# ACTIVITY
This exercise calls for the records to be repeated in full, exactly as written.

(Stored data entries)
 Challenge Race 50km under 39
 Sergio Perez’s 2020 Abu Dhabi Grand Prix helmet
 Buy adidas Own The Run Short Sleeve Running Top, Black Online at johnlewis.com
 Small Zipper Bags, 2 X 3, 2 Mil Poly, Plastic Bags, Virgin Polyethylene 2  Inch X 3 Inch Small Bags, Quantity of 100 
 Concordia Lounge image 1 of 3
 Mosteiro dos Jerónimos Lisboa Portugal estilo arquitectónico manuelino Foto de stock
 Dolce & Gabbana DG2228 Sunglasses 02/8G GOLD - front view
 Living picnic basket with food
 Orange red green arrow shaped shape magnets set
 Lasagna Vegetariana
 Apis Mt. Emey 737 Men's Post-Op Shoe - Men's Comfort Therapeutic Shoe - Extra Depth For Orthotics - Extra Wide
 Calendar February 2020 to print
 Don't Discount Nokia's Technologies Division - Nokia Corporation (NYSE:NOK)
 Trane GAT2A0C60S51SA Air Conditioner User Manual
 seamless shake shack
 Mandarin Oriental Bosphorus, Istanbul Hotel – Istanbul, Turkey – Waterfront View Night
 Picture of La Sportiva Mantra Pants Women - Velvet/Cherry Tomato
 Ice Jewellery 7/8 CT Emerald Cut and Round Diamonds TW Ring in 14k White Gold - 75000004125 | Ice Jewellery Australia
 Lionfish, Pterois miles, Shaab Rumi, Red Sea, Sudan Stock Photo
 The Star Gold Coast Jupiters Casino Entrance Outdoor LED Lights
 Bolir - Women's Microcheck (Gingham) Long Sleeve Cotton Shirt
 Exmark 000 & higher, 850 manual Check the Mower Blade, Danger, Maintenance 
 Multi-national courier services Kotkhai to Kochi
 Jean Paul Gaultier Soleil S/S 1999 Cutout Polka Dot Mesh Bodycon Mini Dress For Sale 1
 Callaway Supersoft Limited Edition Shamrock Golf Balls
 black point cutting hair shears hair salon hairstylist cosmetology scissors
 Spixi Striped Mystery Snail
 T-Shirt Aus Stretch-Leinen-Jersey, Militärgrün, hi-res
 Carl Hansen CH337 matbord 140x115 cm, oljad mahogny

# ANSWER
 Challenge Race 50km under 39
 Sergio Perez’s 2020 Abu Dhabi Grand Prix helmet
 Buy adidas Own The Run Short Sleeve Running Top, Black Online at johnlewis.com
 Small Zipper Bags, 2 X 3, 2 Mil Poly, Plastic Bags, Virgin Polyethylene 2  Inch X 3 Inch Small Bags, Quantity of 100 
 Concordia Lounge image 1 of 3
 Mosteiro dos Jerónimos Lisboa Portugal estilo arquitectónico manuelino Foto de stock
 Dolce & Gabbana DG2228 Sunglasses 02/8G GOLD - front view
 Living picnic basket with food
 Orange red green arrow shaped shape magnets set
 Lasagna Vegetariana
 Apis Mt. Emey 737 Men's Post-Op Shoe - Men's Comfort Therapeutic Shoe - Extra Depth For Orthotics - Extra Wide
 Calendar February 2020 to print
 Don't Discount Nokia's Technologies Division - Nokia Corporation (NYSE:NOK)
 Trane GAT2A0C60S51SA Air Conditioner User Manual
 seamless shake shack
 Mandarin Oriental Bosphorus, Istanbul Hotel – Istanbul, Turkey – Waterfront View Night
 Picture of La Sportiva Mantra Pants Women - Velvet/Cherry Tomato
 Ice Jewellery 7/8 CT Emerald Cut and Round Diamonds TW Ring in 14k White Gold - 75000004125 | Ice Jewellery Australia
 Lionfish, Pterois miles, Shaab Rumi, Red Sea, Sudan Stock Photo
 The Star Gold Coast Jupiters Casino Entrance Outdoor LED Lights
 Bolir - Women's Microcheck (Gingham) Long Sleeve Cotton Shirt
 Exmark 000 & higher, 850 manual Check the Mower Blade, Danger, Maintenance 
 Multi-national courier services Kotkhai to Kochi
 Jean Paul Gaultier Soleil S/S 1999 Cutout Polka Dot Mesh Bodycon Mini Dress For Sale 1
 Callaway Supersoft Limited Edition Shamrock Golf Balls
 black point cutting hair shears hair salon hairstylist cosmetology scissors
 Spixi Striped Mystery Snail
 T-Shirt Aus Stretch-Leinen-Jersey, Militärgrün, hi-res
 Carl Hansen CH337 matbord 140x115 cm, oljad mahogny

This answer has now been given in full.